Ministry needs US$90m for textbooks

31 March 2009
Sunday News

AFTER making sure that the schools stay open and last year’s public examinations results are released, the Ministry of Education, Sport, Arts and Culture will turn to the restocking of schools with textbooks, the minister, Senator David Coltart, has said.

Speaking at a function to award prizes to pupils who had excelled in an international entrepreneurship programme at Eveline High School in Bulawayo last Friday, the minister said his ministry needed US$90 million to reach the one child to a textbook ratio.

He said that would only be possible with donors and the private sector partnering with government in reviving the education sector.

“There is a need for a partnership between the government and the private sector. The first concern is how we can get business to assist in the provision of necessities in the education sector,” he said.
Sen Coltart said this tied well with the objectives of the ministry.

“The first objective has been to keep schools open and the second objective to release results. I am now moving to the third goal, which is the provision of textbooks,” he said.

The minister said at some schools, textbook shortages had reached appalling levels with over 20 students sharing one textbook.

While in schools in high-density suburbs 20 students represent a third of the class, in low-density suburbs that could be the whole class.

Schools opened in February this year after closing in September last year with teachers boycotting classrooms due to poor remuneration.

A proposed boycott that threatened to derail the start of the second term did not take off as unions agreed to work with government in trying to find a solution to the challenges facing the sector.

“We will rely on the donor community. In my discussion with donors, I emphasised that once we secure that money, I want to make sure that the last cent is spent within Zimbabwe.

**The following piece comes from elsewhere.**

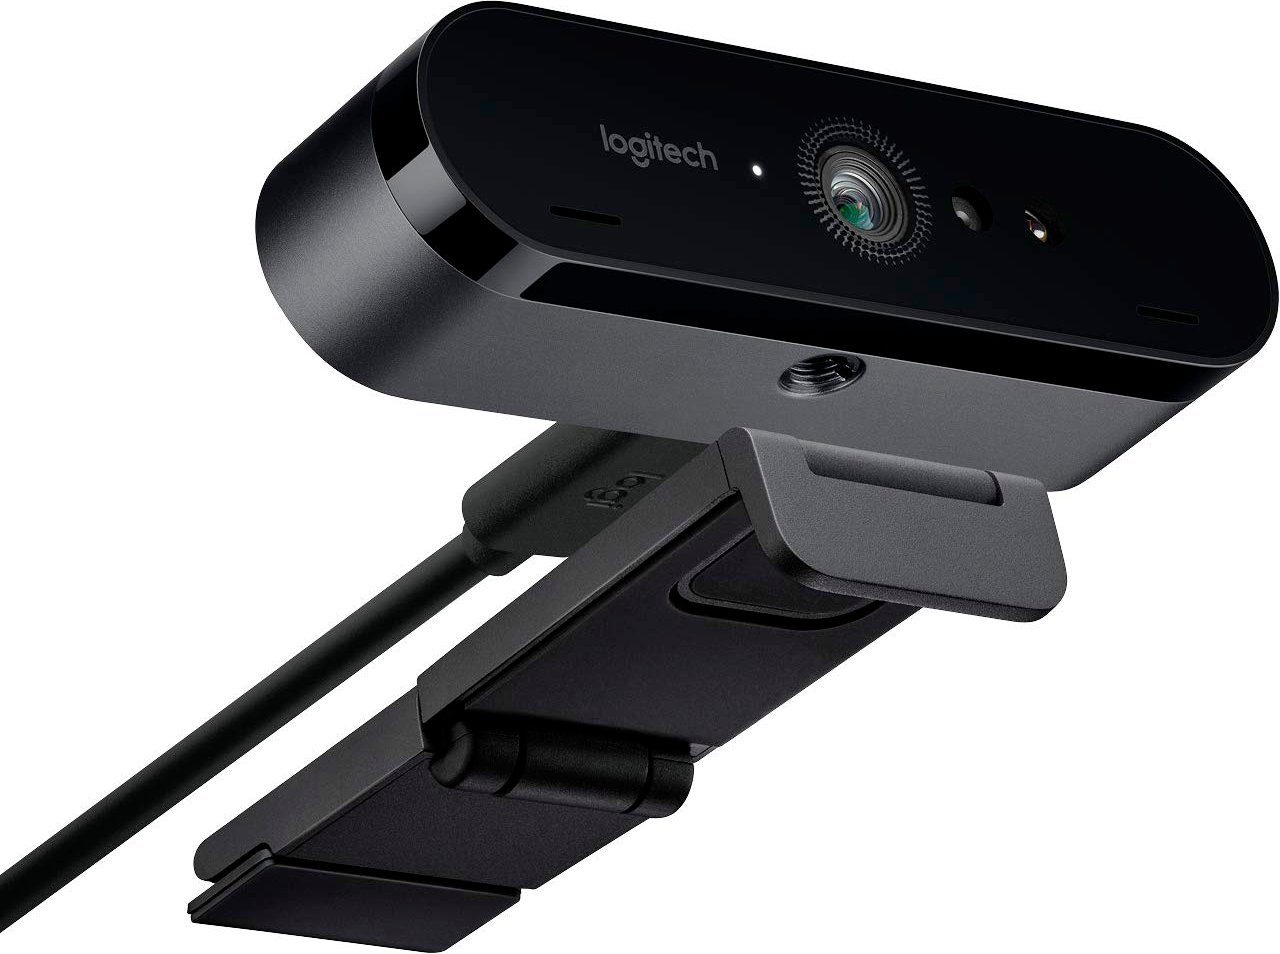 Logitech BRIO 4K STREAM HD, EDITION Webcam IrDA (Infrarot) (4K Ultra

There is a temptation to take camera ready copies of books for printing elsewhere outside the country,” he said.

He said his ministry also advised schoolchildren and parents to buy their school requirements in the country.

“What I want to achieve is to develop a partnership between locals companies, the donor community and the ministry of higher education,” he said.

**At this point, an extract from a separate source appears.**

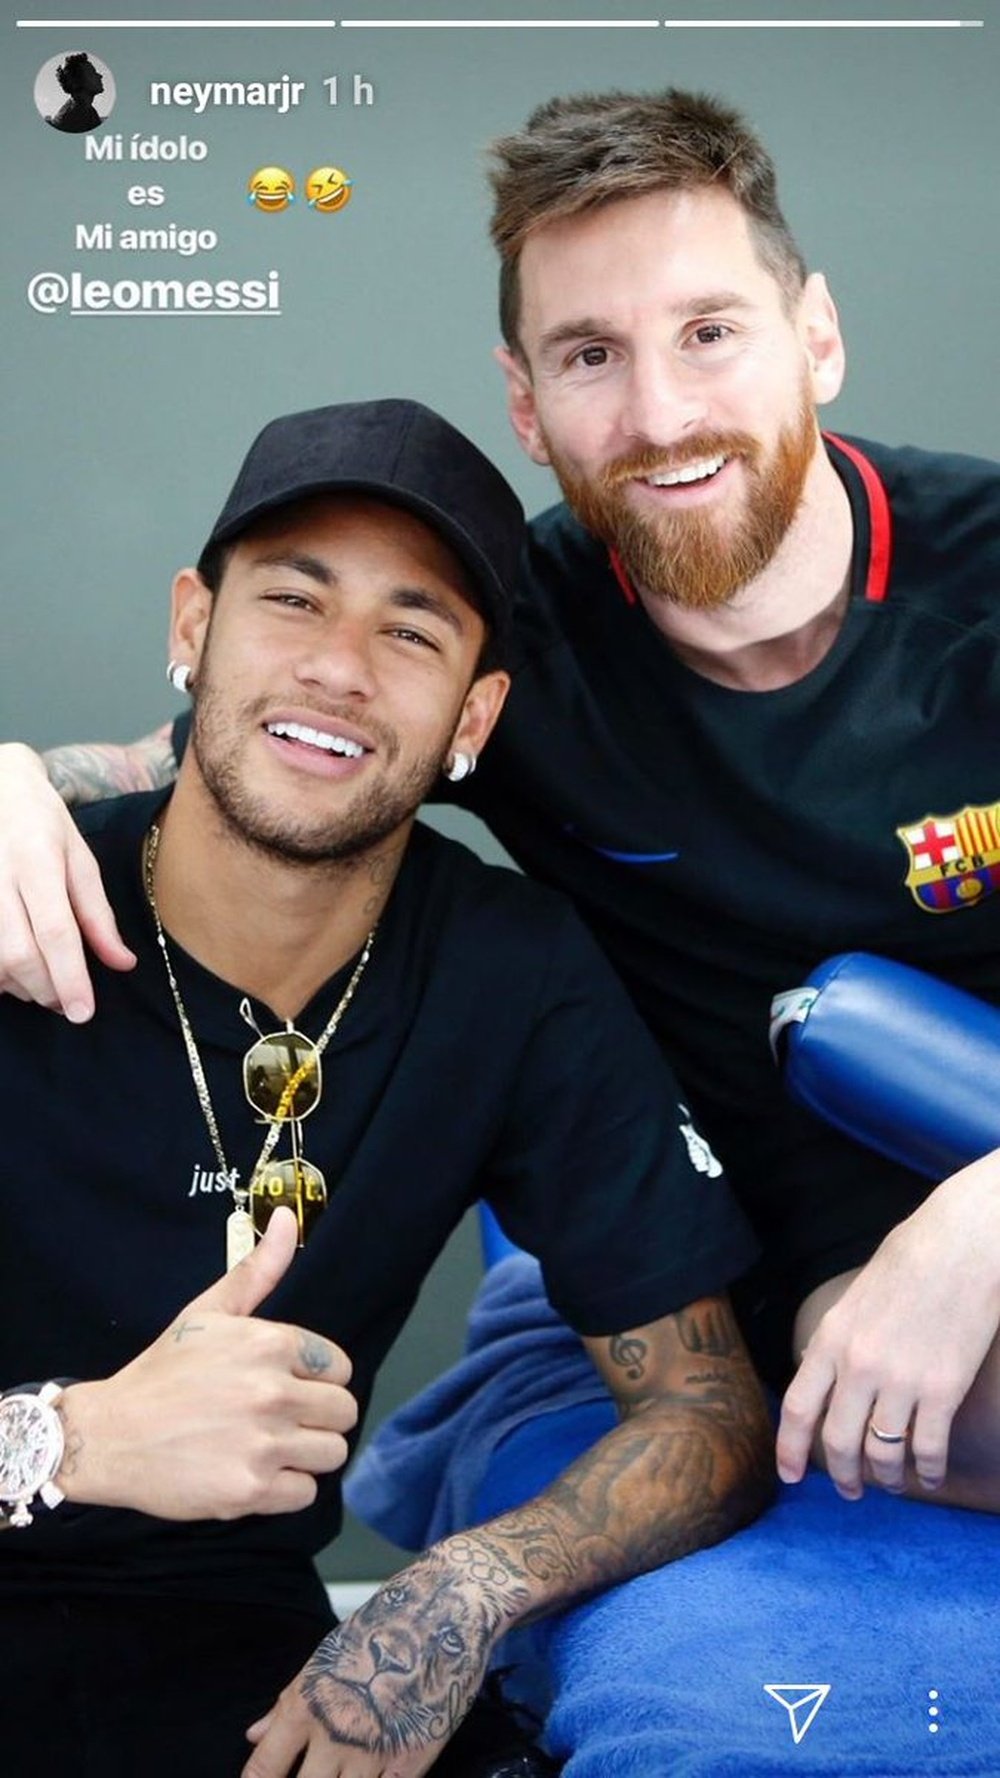 Neymar junto a Messi, nas instalações do Barcelona. Instagram/NeymarJR

He said the second aspect of his third objective was the restoration of some of education’s magnificent facilities.

“One of the tragedies though is that as I travelled around the country I found out that there are few government schools that are well maintained,” he said.

The senator said a strategy was needed to rebuild the educational structures.
“With the decline in education in a few years there is a danger that we will lose an entire generation,” he said.

Sen Coltart said Zimbabwe had a generation of young people who were talented academically, in sports, in arts and in other areas and those talents could not be let to go to waste.

“We should start off by looking at say 20 schools and through a partnership between government and the private sector rehabilitate them. About 40 percent of places in these schools will be reserved for the underprivileged from rural areas and high-density suburbs with companies providing them with scholarships. These centres of excellence will be for children talented academically, in sports and in arts,” he said.

Sen Coltart said the aim of these centres of excellence would not be to create elitist institutions, but institutions that will afford the underprivileged good education.

He said Zimbabwe should take a leaf from India that in the 1950s created centres of excellence that achieved a lot.

“Elsewhere in the world there has been productive collaboration between government and the private sector. We have to start somewhere, let’s all start dreaming and planning,” he said.